By the time King Charles II granted a charter to the reorganised Royal African Company of England in 1672, the demand for slave labor in the Americas had intensified. Ensuring a steady supply of African captives to England’s Caribbean and North American colonies promised not only to generate profits for shareholders and the Crown but also to expand England’s imperial footprint in the Atlantic world.

As English planters in the Atlantic colonies clamored for more enslaved Africans, English enslavers profited and the African slave trade expanded. “The Royal African Company of England,” notes historian William Pettigrew, “SHIPPED MORE ENSLAVED AFRICAN WOMEN, MEN, AND CHILDREN TO THE AMERICAS THAN ANY OTHER SINGLE INSTITUTION DURING THE ENTIRE PERIOD OF THE TRANSATLANTIC SLAVE TRADE.” The company’s seal captures how English enslavers, with Crown encouragement, eagerly harnessed the lives and bodies of Africans to generate commercial wealth and build an overseas empire. The seal shows an elephant bearing a castle, flanked by two enslaved African men. Surrounding the figures is the company’s motto: Regio floret patrocinio commercium, commercioque regnum (“By royal patronage commerce flourishes, by commerce the realm”).

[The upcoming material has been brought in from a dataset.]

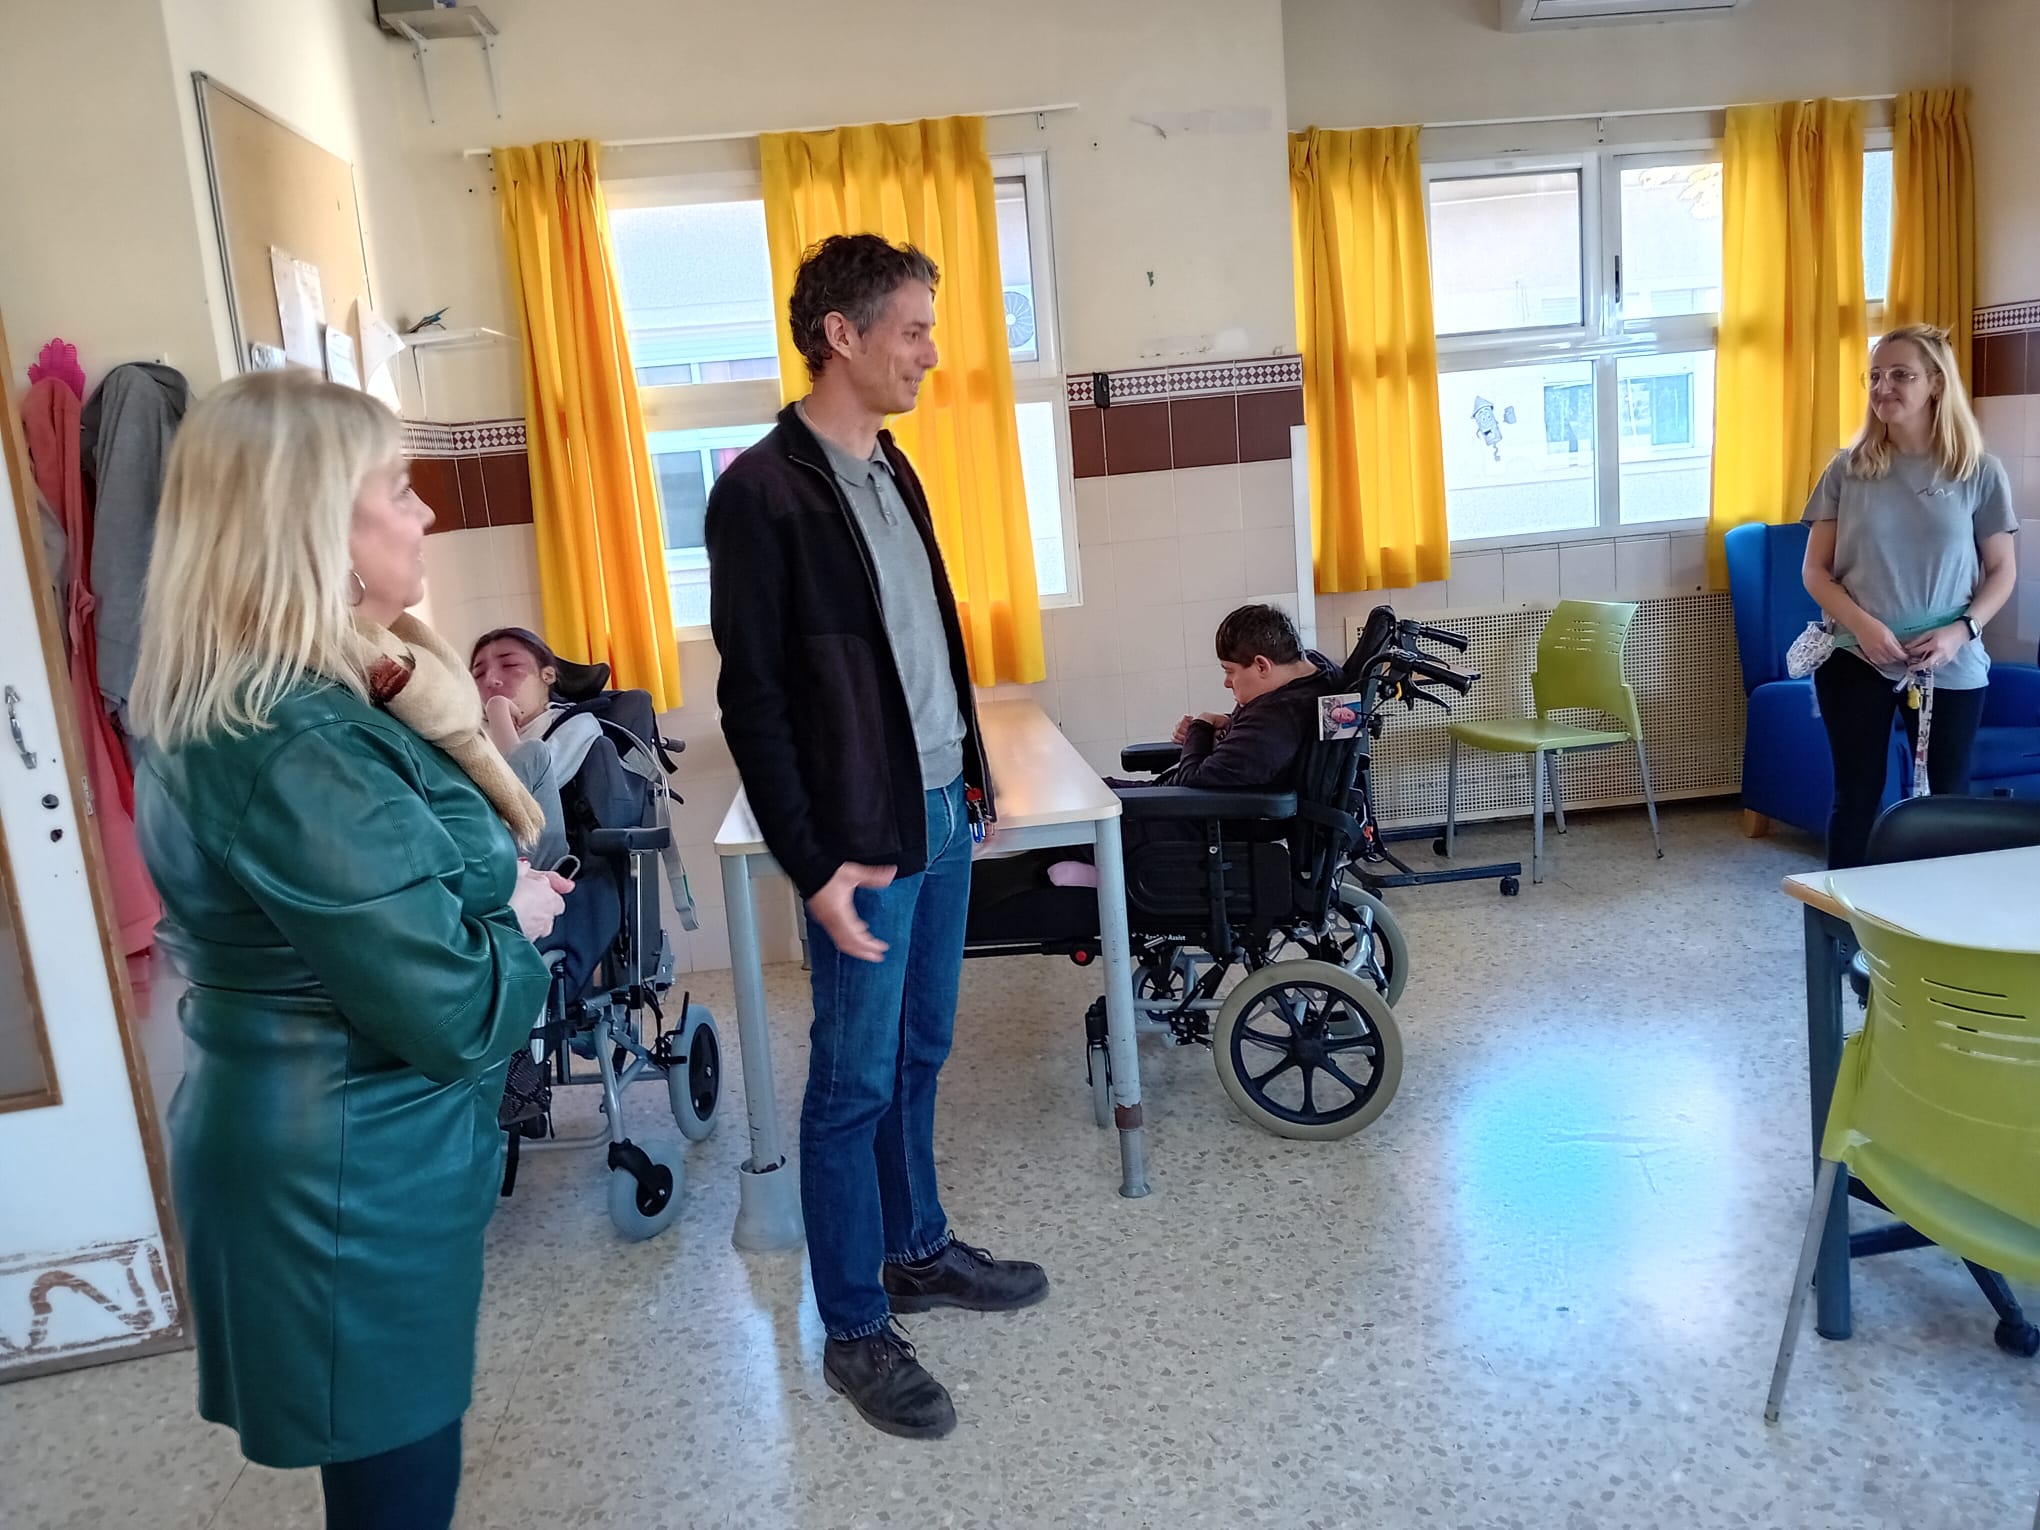 L’IVASS compta amb 429 places de persones amb discapacitat intel·lectual en huit residències a la província de València

These were the adventures of Charles I and Charles II.

It remains to be seen whether Charles III will finally be the royal family member who speaks about the role the British royal family played in colonialism and the subsequent humanitarian and economic disaster their actions unleashed on Africa, Zimbabwe included. There are growing calls for such discussions to be held, and for the royal family to take responsibility for its actions.

The Roman Catholic Church leader Pope Francis recently went to Canada to apologise for the original inhabitants of the land for the role the Catholic church played during the colonial takeover of that land. The ceremony was appreciated by the locals and there are talks of compensation for the pain and suffering caused.

The ship is firmly in King Charles’ dock. He can sink it or sail it.